Netflix and Chromecast.

Review of Matador

Another Almodovar, and this one was not just trying to shock, but really quite repulsive...lots of sex-and-death stuff, so that it verges on the snuff movie. Starts out with a woman having sex with a man while killing him, and though at first this seems like a dream sequence, we later learn that this has really happened. Not as much humour as others, and some unexplained/inexplicable plot elements.

Watched at Jane's shop, having been obtained via informal distribution.

Review of 'How Do You Know'

A romcom, and one that got dreadful reviews and bombed at the box office. I quite liked it though...I particularly liked that none of the characters were very likeable, and that it actually intersected the romantic dimension with a reasonable depiction of the world of work and the way people get stitched up there.

Watched on Netflix via Chromecast - interesting to note that the quality was dreadful for reasons I don't understand.

Monday, December 09, 2019

Review of 'Fast Color'

I wanted to like this. It's atmospheric, it's dystopian fiction about climate change, all the main characters are Black women...but after a promising start it began to drag. There wasn't enough happening, either in the plot or the character or scenario development. And then it's all resolved by a lot happening all at once, which felt like a disappointment too. As is often the case, the denouement is less interesting than the set-up.

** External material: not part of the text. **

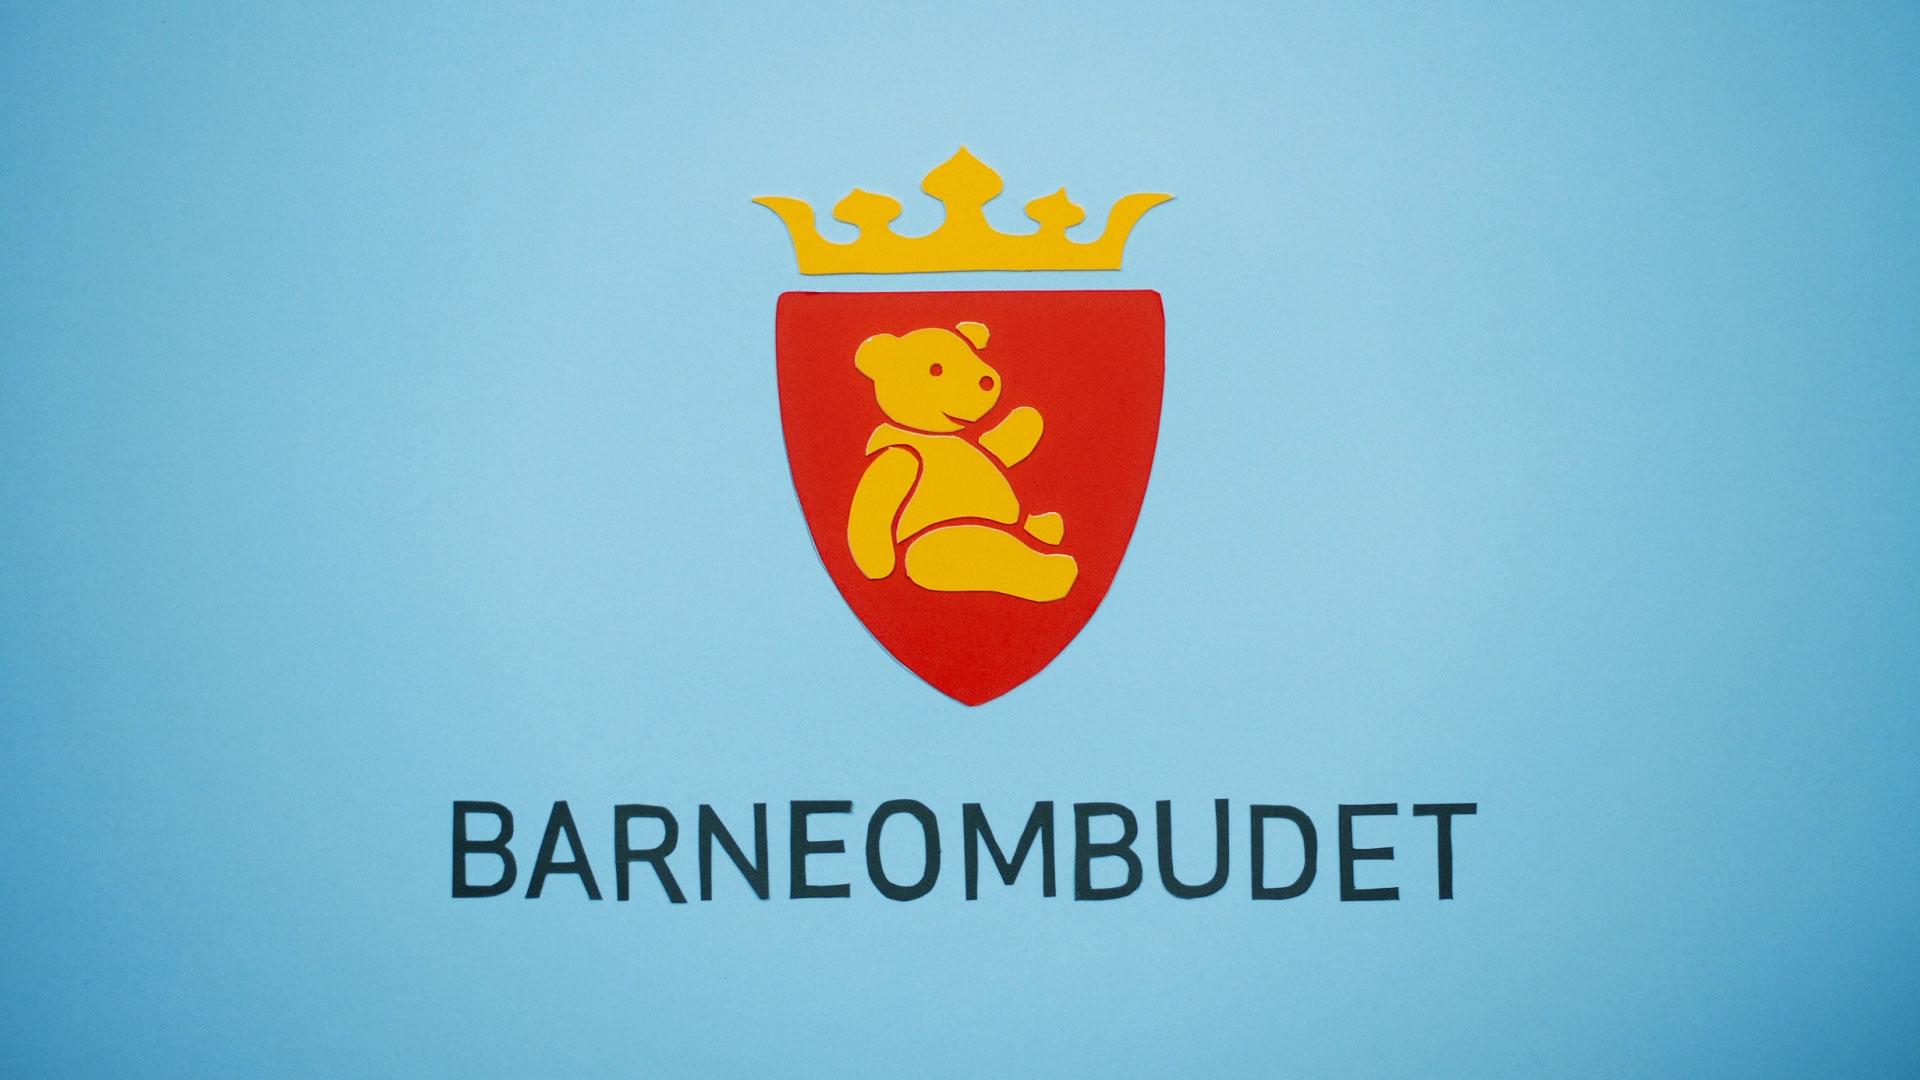 Barneombudet
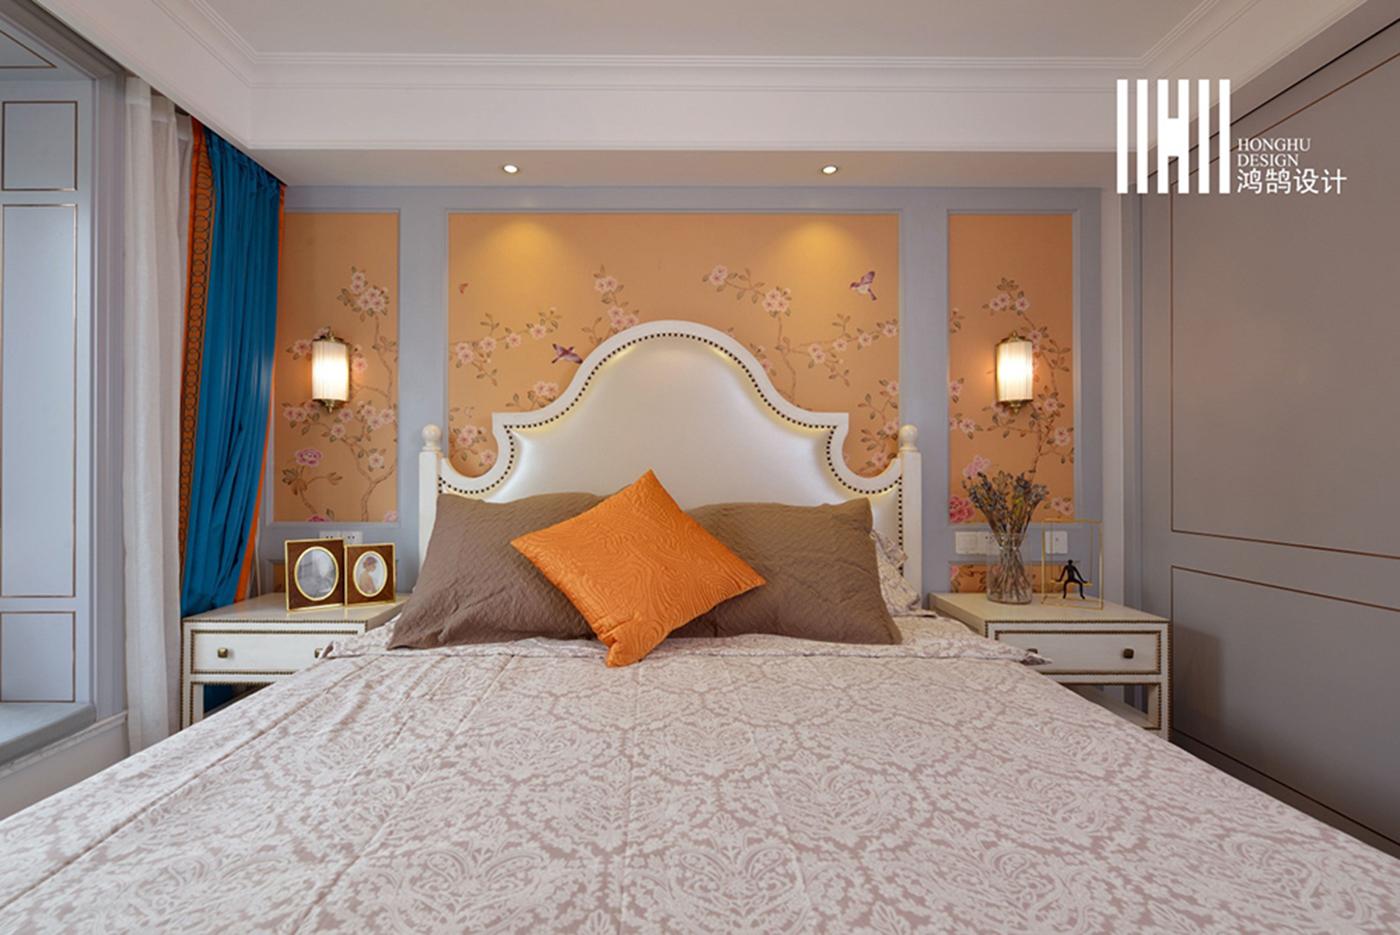 138平米四居室床头背景墙装修效果图

Watched on Netflix on the smart TV.

Tuesday, December 03, 2019

Review of 'Belle'

Sort of the decolonised version of Jane Austen - young women in the marriage market of the country gentry, but with added issues of race, slavery and illegitimacy. Not bad, but a bit long and occasionally plodding. It felt to me that it rather overstated the significance of the 'Zong' case in ending slavery and the slave trade, but I'm not expert in this.

Oddly no-one mentions that the young woman is never actually called Belle, but usually Dido, presumably after the Queen of Carthage, who I guess they thought of as a noble black person.

Watched via Netflix and Chromecast.

Sunday, December 01, 2019

Review of 'The Little Sister'

Possibly the best Raymond Chandler novel ever, and one I hadn't heard of. I found it in an omnibus along with The Long Goodbye and Playback. Really stylish, well-written, with heaps of good characters and a great, complex plot. Everything you want in a Chandler novel, and then some. I must say that I was sometimes confused by the plot, but I think that's part of the attraction.

Review of 'I have lost my body'

A moving French animated film, about a young man and his journey through a life that's sad. There's a surreal element, because we know that he has lost his hand, and the hand is trying to find its way back to him. Usually an animated severed hand is a terrifying thing, but here our sympathies are with the hand as it makes its own journey across a city that might be Paris.

There are some parts that didn't entirely make sense to me - that might be because I missed something, or it might be that the film isn't supposed to be an entirely realistic narrative. What was the place where the hand starts out? There's a fridge full of body parts and eyeballs, but we don't know where it is or ever find out.

But it's a beautiful, poignant and clever film, and I didn't look away or lose engagement for a second.

I note in passing that the young man is Muslim, and that this isn't the point of the story or even a central element. In a British film if a character is Jewish, or Muslim, that has to be the main thing about them; in a French film, not so much, which is great.

Watched on Netflix via phone and Chromecast.